また、『文化』、『おとぎ』と同様、アルバム全体を通し、壮大なストーリー性が感じられることにも注目してほしい。ここで具体的な歌詞に言及するのは避けるが――ぜひ、CDのブックレットを手に取って、自分自身で確かめてほしい――本作の背景にあるのはおそらく、様々な問題が同時多発的に起こっている現代の社会だ。政治、経済、教育、そしてエンターテインメントの世界においても、既存のシステムが立ち行かなくなり、人々は確かな将来像を掴めないでいる。ともすればディストピアな世界観に取り込まれそうにもなるが、Eveはこのアルバムによって、どこかにあるはずの希望の光を描こうとしていたのだと思う。そう、映画「モダン・タイムス」で機械に支配された人間を描いたチャップリンが、テーマ曲に〈スマイル〉というタイトルを与えたように。
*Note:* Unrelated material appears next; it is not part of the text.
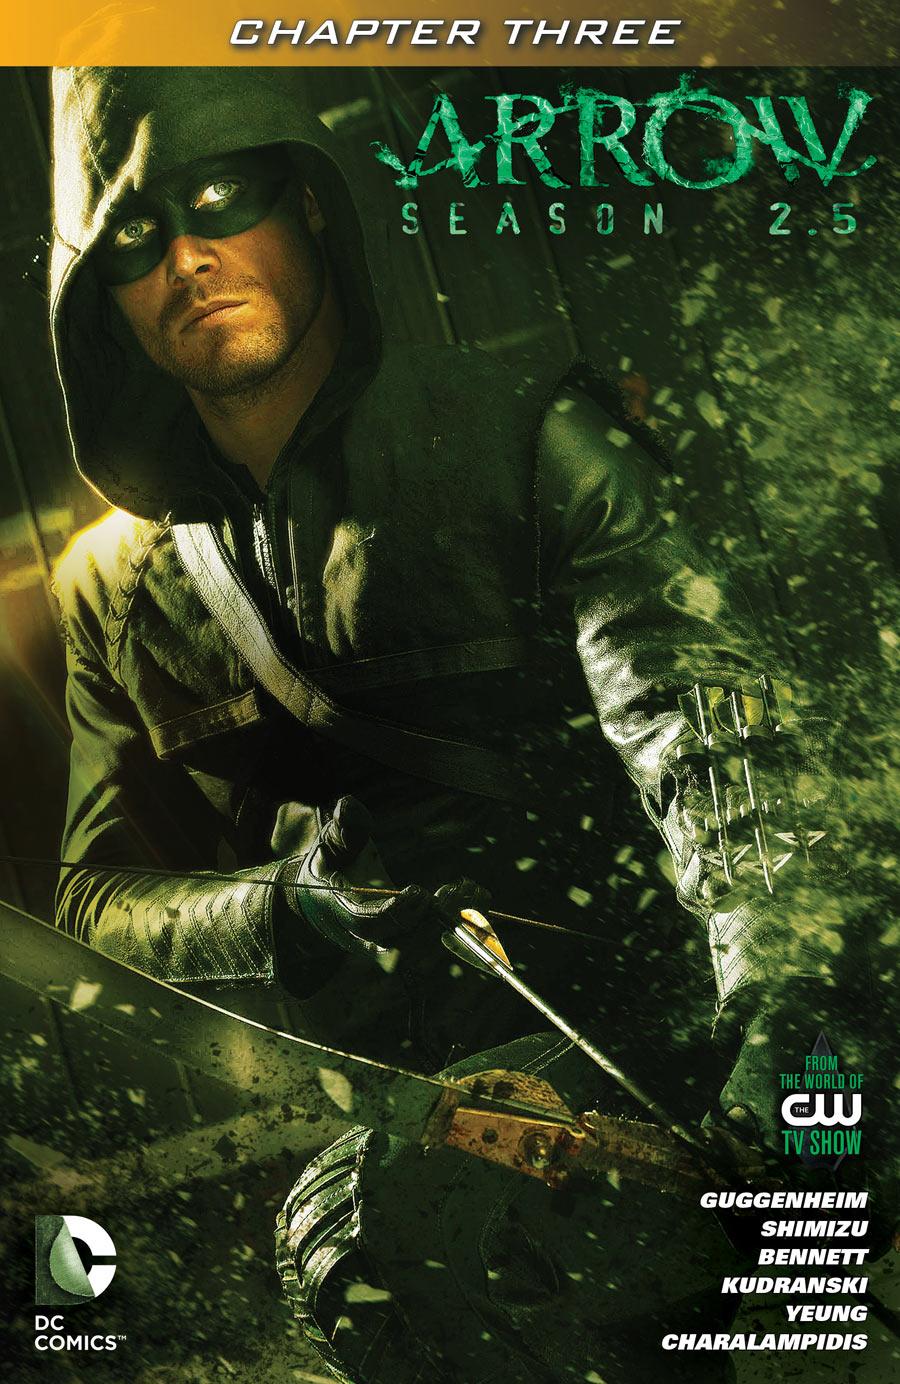 Arrow Season 2.5 chapter 3 digital cover.png

もう一つ、Eve自身のヴォーカルについて記しておきたい。前述したように、幅広い要素を取り入れた楽曲を歌うことで、そのヴォーカルの表現は格段に向上している。特筆すべきは、ひとつひとつの言葉を明確に伝えながら、大きな物語に結びつけるセンスと技術。本作によって彼は、ストーリーテラーとしての資質をさらに開花させたと言っていい。それは間違いなく、寓話と現実が混ざり合うような本作『Smile』の中心を担っていると思う。